D'autres fois, quand Jeanne était venue de bonne heure, dans la matinée, André lui proposait d'aller prendre un peu l'air, après le dîner, et, par le froid sec, par ces temps où la lune luit sans taches dans un ciel bleu dur, ils filaient, à grands pas, dans la rue Saint-Honoré, Jeanne toute envolée dans son manteau de fourrures étroitement fermé, et ils s'engageaient, bras dessus, bras dessous, sous les arcades du Palais-Royal, stationnaient, une minute, devant les montres des orfèvres et, chassés par le vent, transis, ils se réfugiaient dans une brasserie allemande, située dans ces parages.
Là, enfoncés dans un divan, devant une table, ils demandaient, par gourmandise, de la choucroute, du jambon cru de Westphalie, des saucisses au raifort et du pain noir; et l'appétit s'éveillait aux odeurs acidulées qui fumaient dans l'assiette, et la soif, aiguisée par le sel du pain et l'âcre sucre des baies de genièvre qu'ils croquaient dans la choucroute, les faisait lamper, à pleines chopes, le salvator de Munich, une bière magnifique, couleur d'acajou, huileuse et douce.
Alors Jeanne s'arrêtait de manger, pour rire, voyant la moustache d'André pleine d'une mousse blanche, semblable à de la crème. Engourdis par cette chaude atmosphère, aveuglés par ce passage ininterrompu de bocks, ils se sentaient des fantaisies d'ivrognes de goûter à toutes ces bouteilles, rangées en bataille sur un rayon, diaprées d'éclairs par des jets de gaz.

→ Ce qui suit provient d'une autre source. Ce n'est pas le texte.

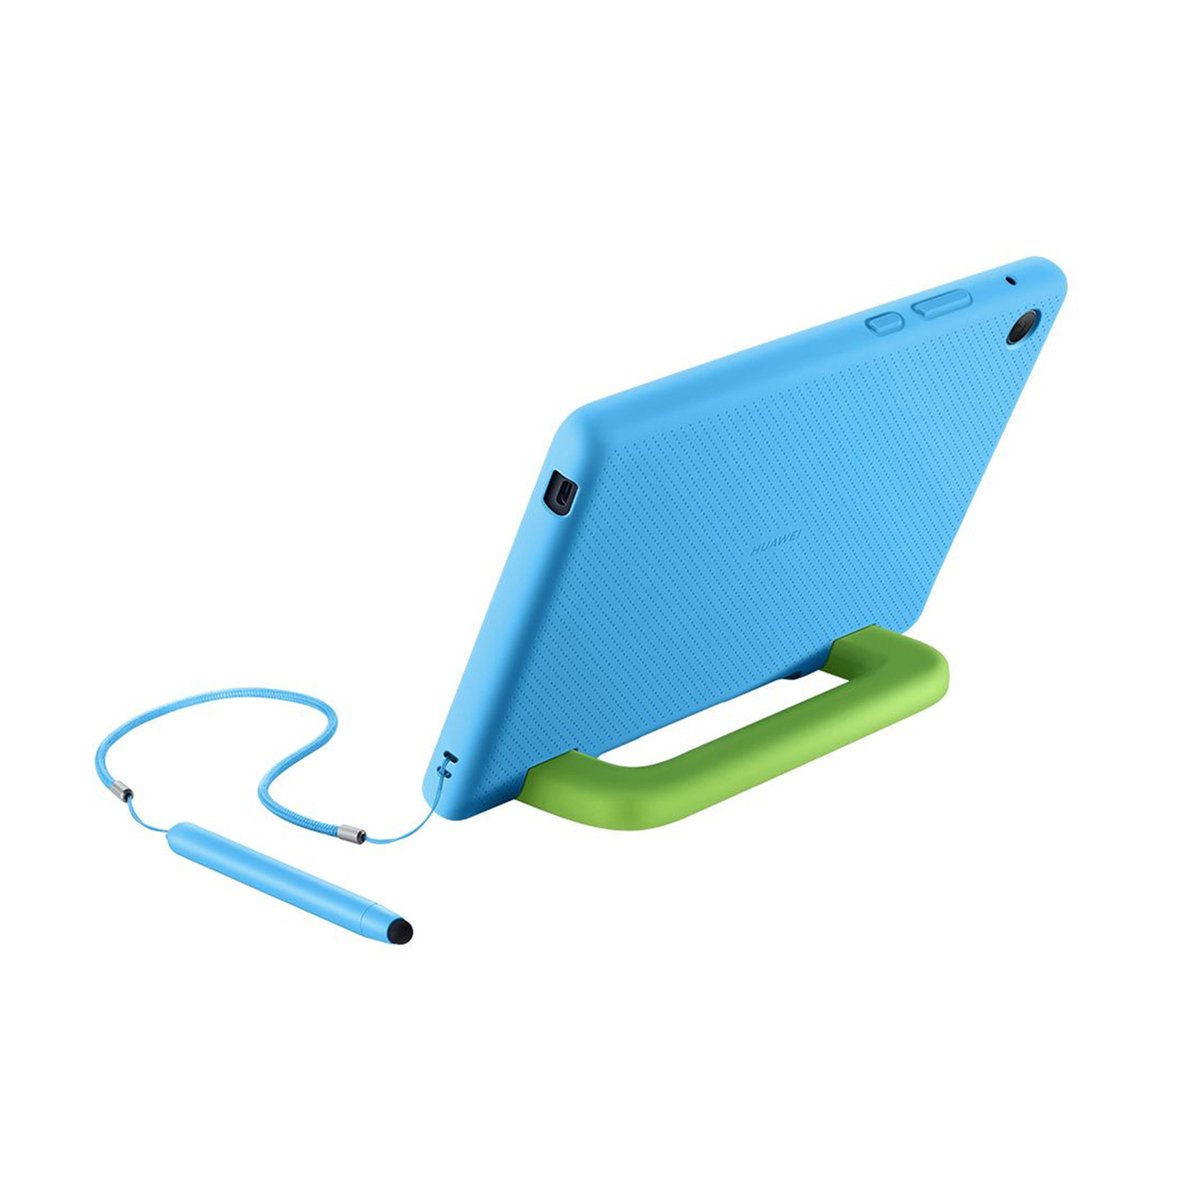 Huawei MatePad T8 8.0" 16GB 4G Kids Edition Blue

Il fait bon ici, soupirait Jeanne, en soufflant et tendant son assiette. André répondait oui;—et tous deux ne parlaient plus, les yeux recueillis devant un buffet rempli de jambons fumés, dorés et gras, les uns suintant des gouttes de gelée pâle sur un plat, les autres montrant de sanglantes entailles laissant voir l'os sous leurs chairs coupées.
Bien qu'ils eussent amplement dîné, ils éprouvaient maintenant presque du mépris pour les nourritures éphémères et fines de Mélanie; la salive leur montait aux lèvres, une vorace fringale les prenait devant ce buffet encombré de larges et solides viandes, flanquées et appuyées encore par des barils de harengs roulés, des corbeilles de pain au fenouil, des craquelins et des bretzel, des saladiers où marinaient des vinaigrettes de museaux de bœufs, des cloches sous lesquelles se liquéfiaient les hauts Munster et les Limbourg.
Et tous deux, l'estomac languissant et chargé, s'attardaient sur leur banquette jusqu'à l'heure de la fermeture; Jeanne, un peu étourdie par la fumée du tabac et par la bière; André rêvant, les yeux ouverts, aux puissantes bitures de l'Alsace, regardant défiler devant lui, en songe, des gilets rouges et des tricornes, des nez en fleur et des ventres ronds, toute une séquelle de pochards rigolos tournant et buvant autour de l'énorme panse du Gambrinus de terre cuite qui se dressait, sur un comptoir, dans la brasserie, victorieux et gorgé, à cheval sur un foudre et le verre en l'air!